>>>>
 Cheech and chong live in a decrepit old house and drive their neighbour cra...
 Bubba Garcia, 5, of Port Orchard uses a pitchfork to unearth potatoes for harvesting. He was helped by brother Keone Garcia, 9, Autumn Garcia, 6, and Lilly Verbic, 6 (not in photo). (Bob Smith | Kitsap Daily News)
<<<<
>>>>
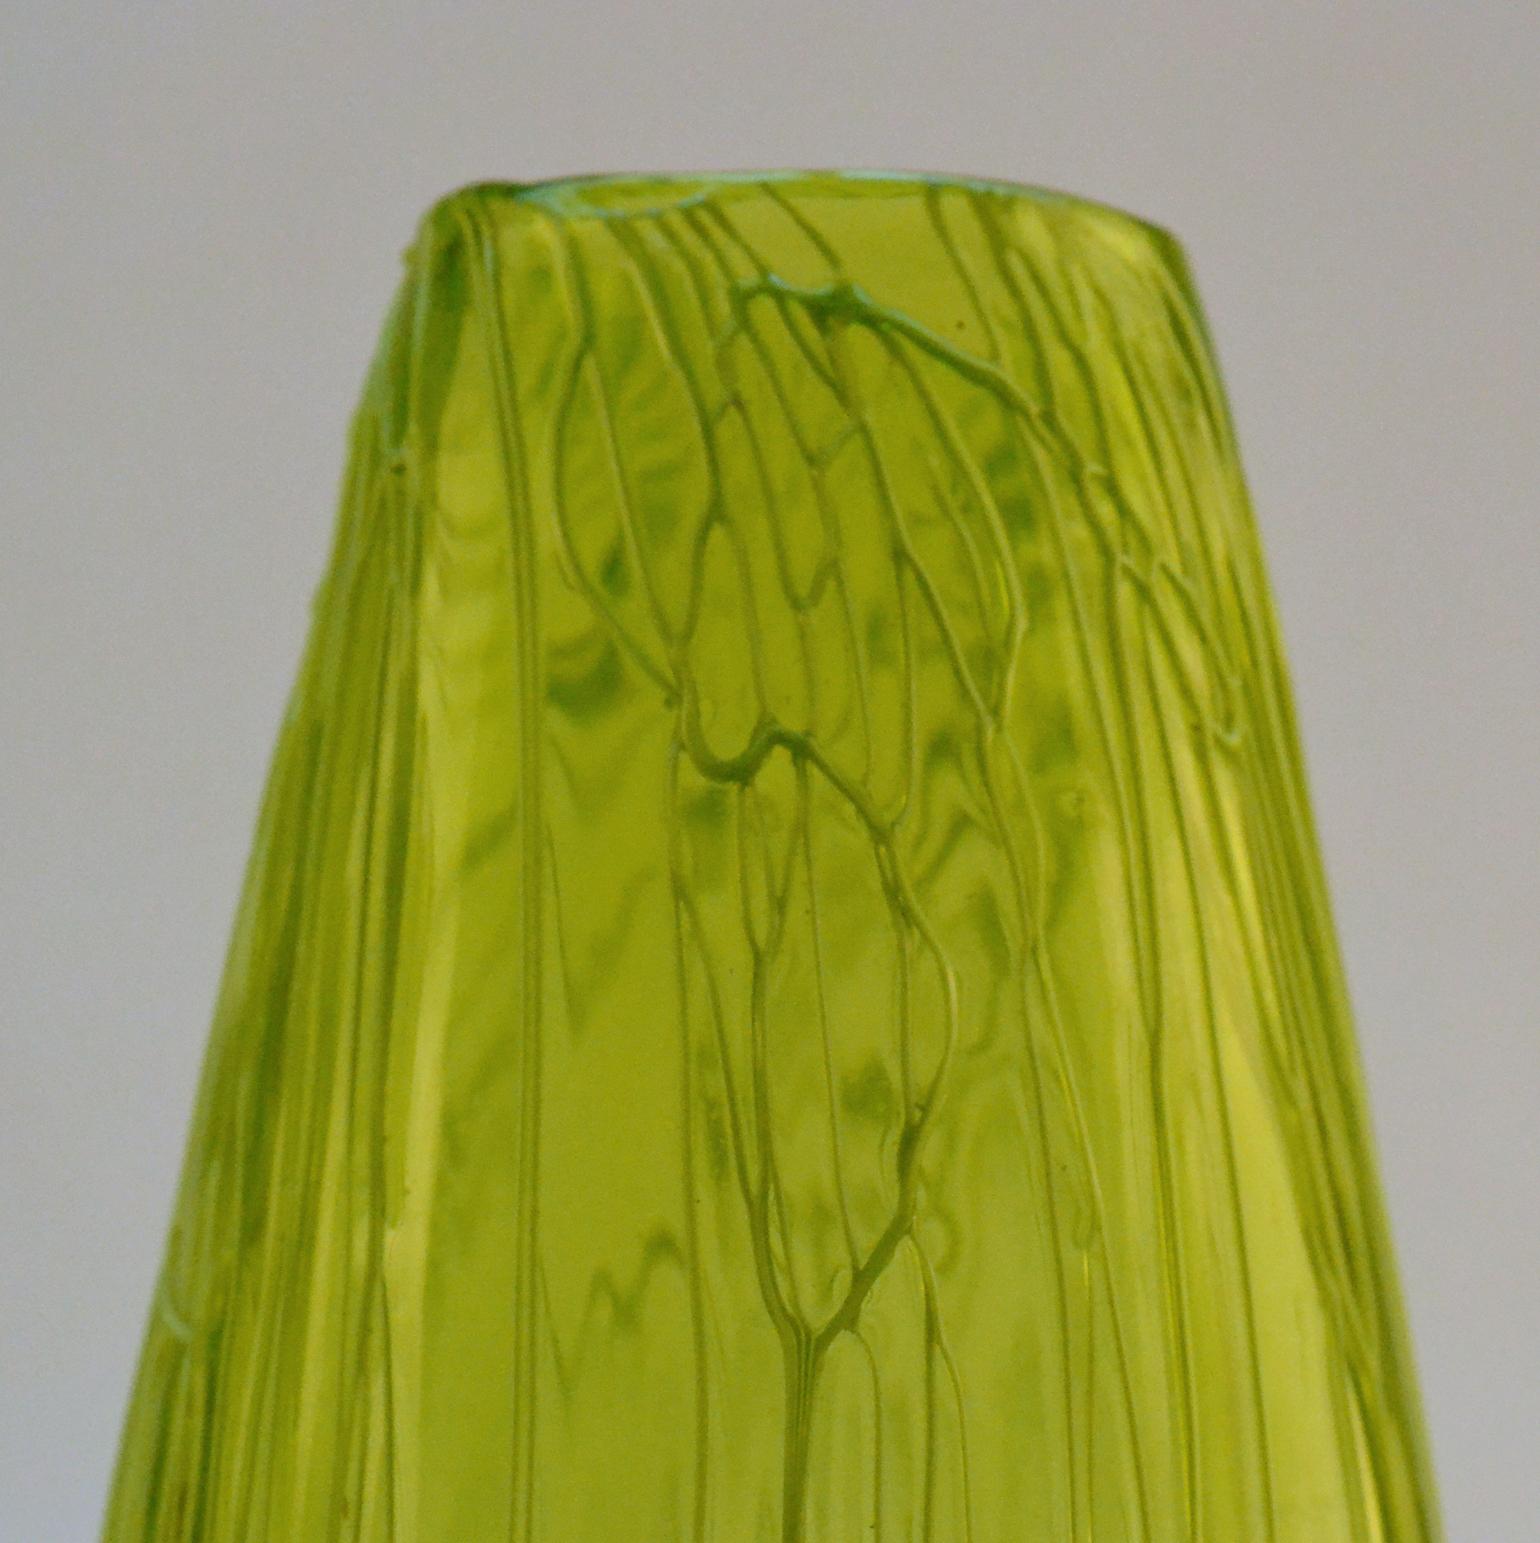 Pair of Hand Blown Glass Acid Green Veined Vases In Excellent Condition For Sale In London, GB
<<<<
>>>>
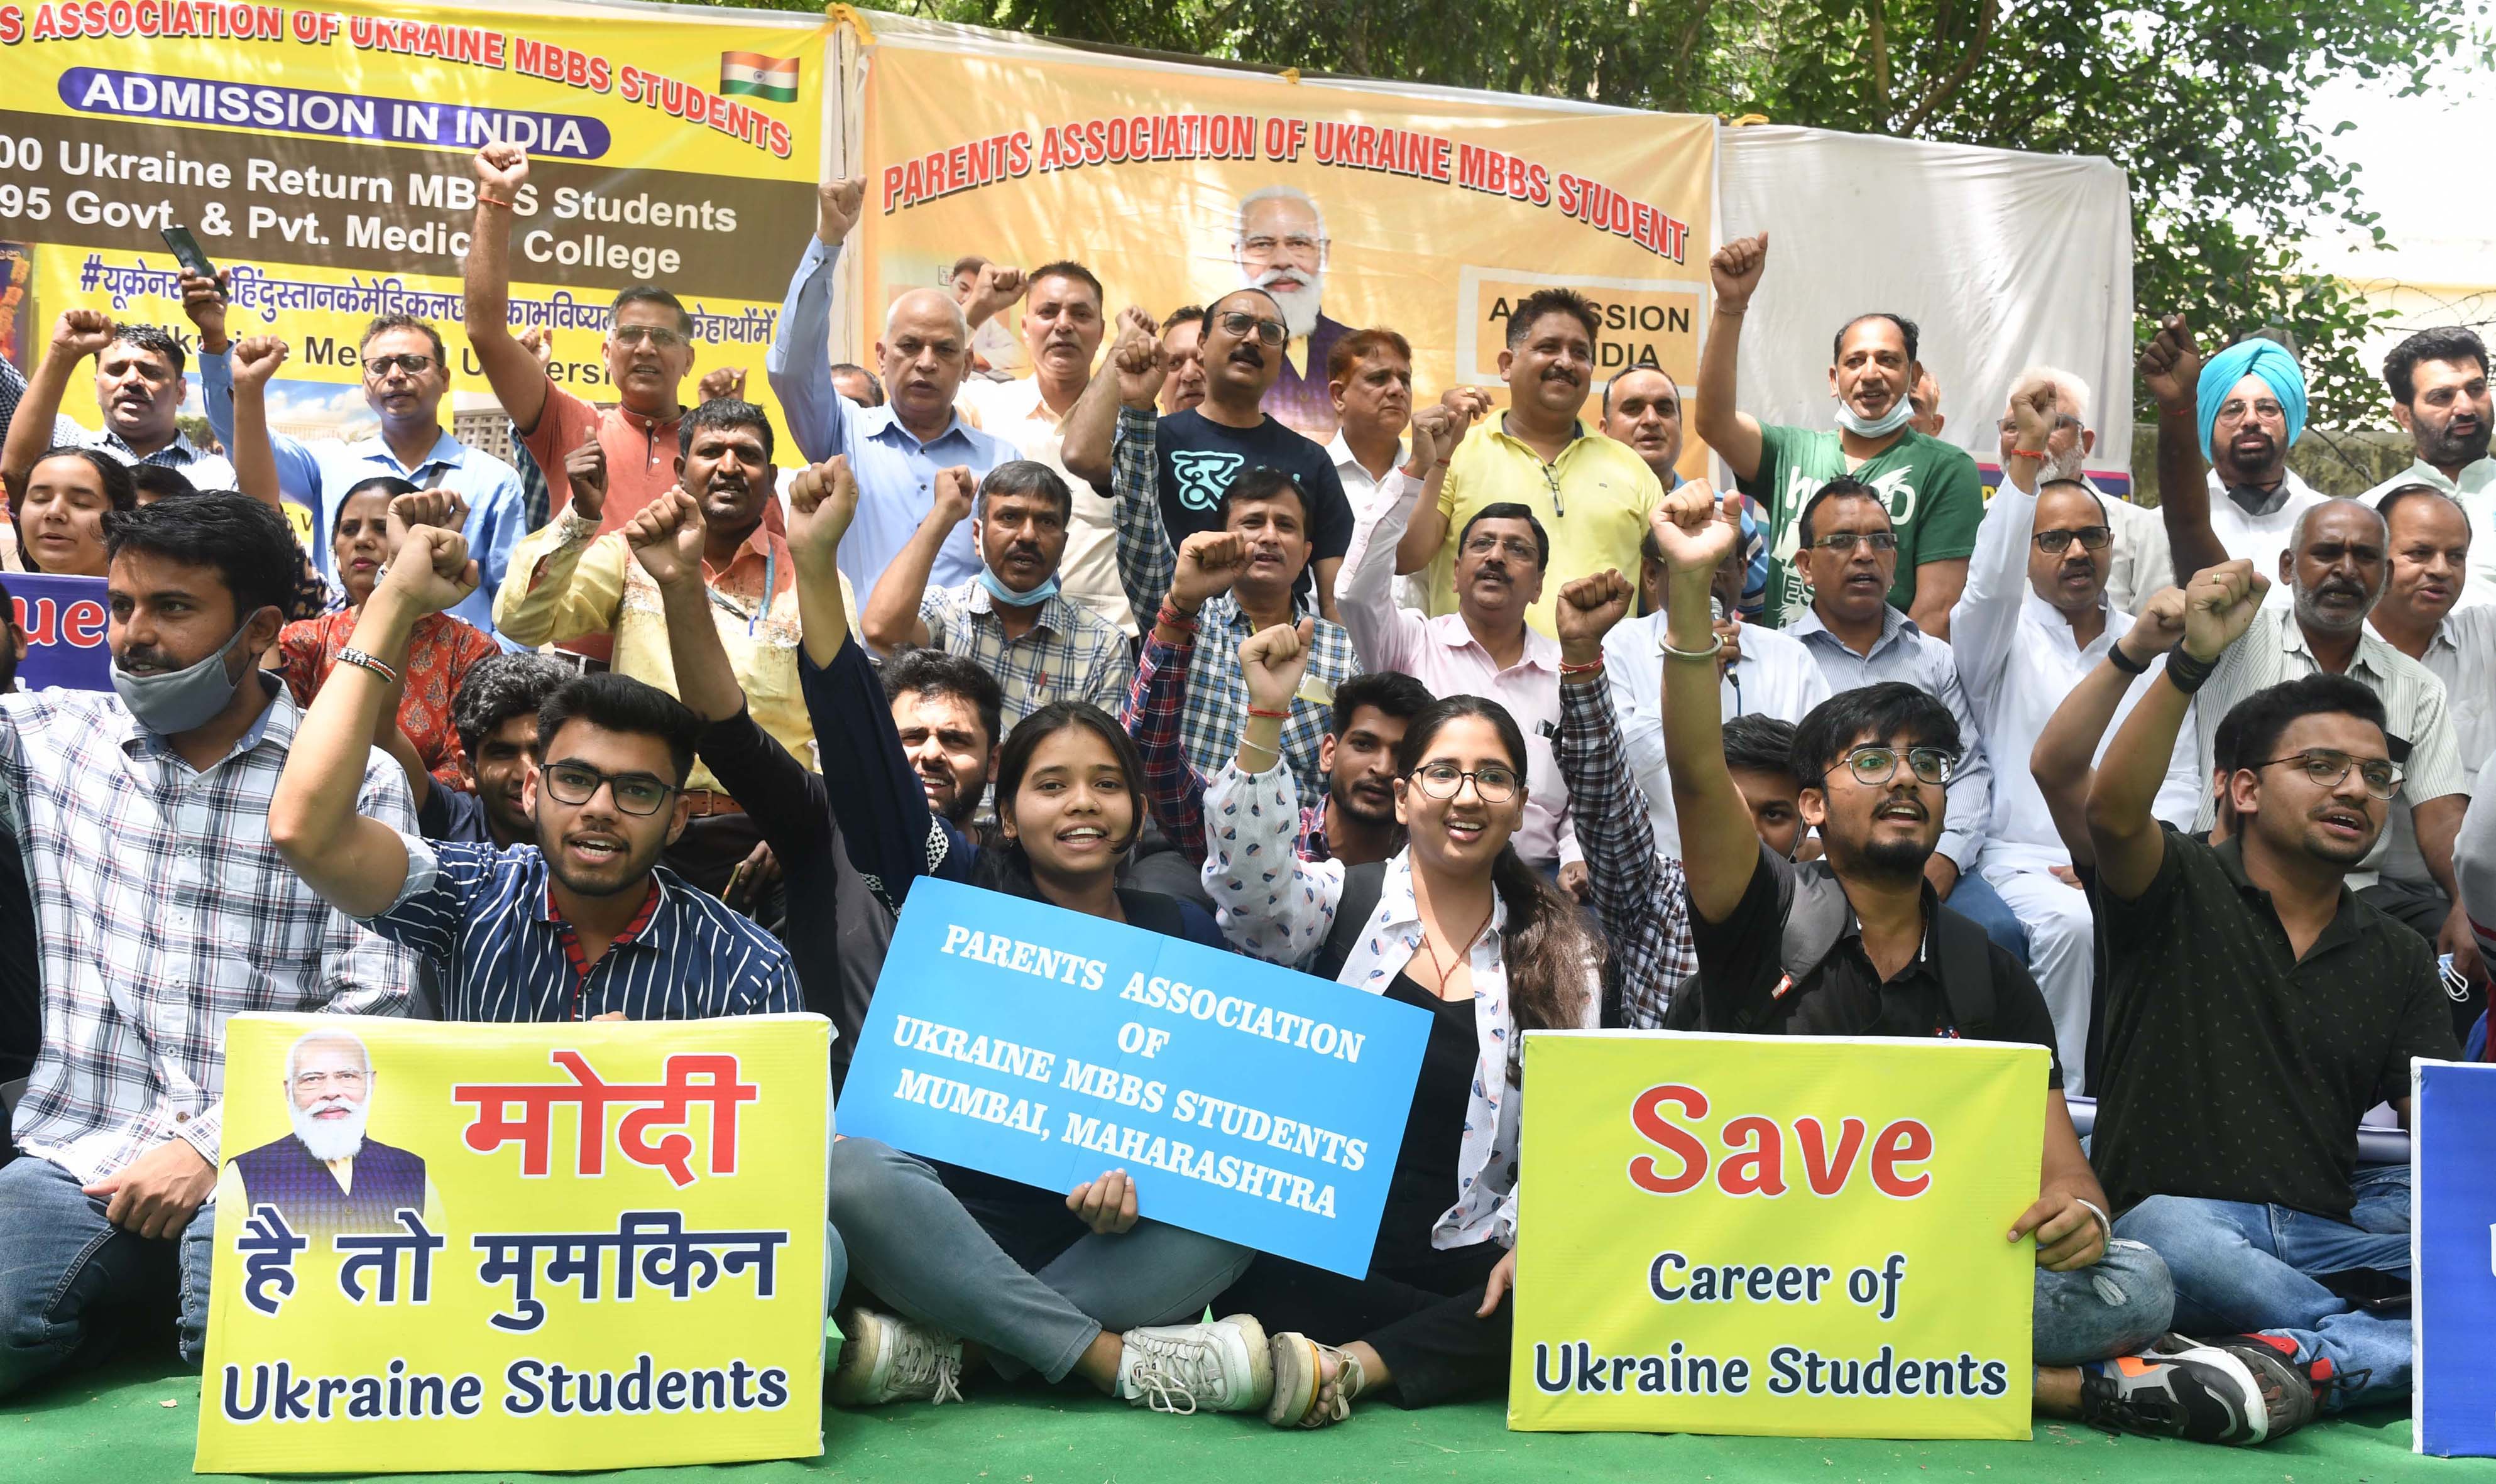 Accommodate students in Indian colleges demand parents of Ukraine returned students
<<<<
# EXERCISE:
Copy the entries above exactly, but only from the line holding "Cheech and chong" through the line holding "Bubba Garcia, 5, of", both included.

# RESULT FOR THIS TASK:
 Cheech and chong live in a decrepit old house and drive their neighbour cra...
 Bubba Garcia, 5, of Port Orchard uses a pitchfork to unearth potatoes for harvesting. He was helped by brother Keone Garcia, 9, Autumn Garcia, 6, and Lilly Verbic, 6 (not in photo). (Bob Smith | Kitsap Daily News)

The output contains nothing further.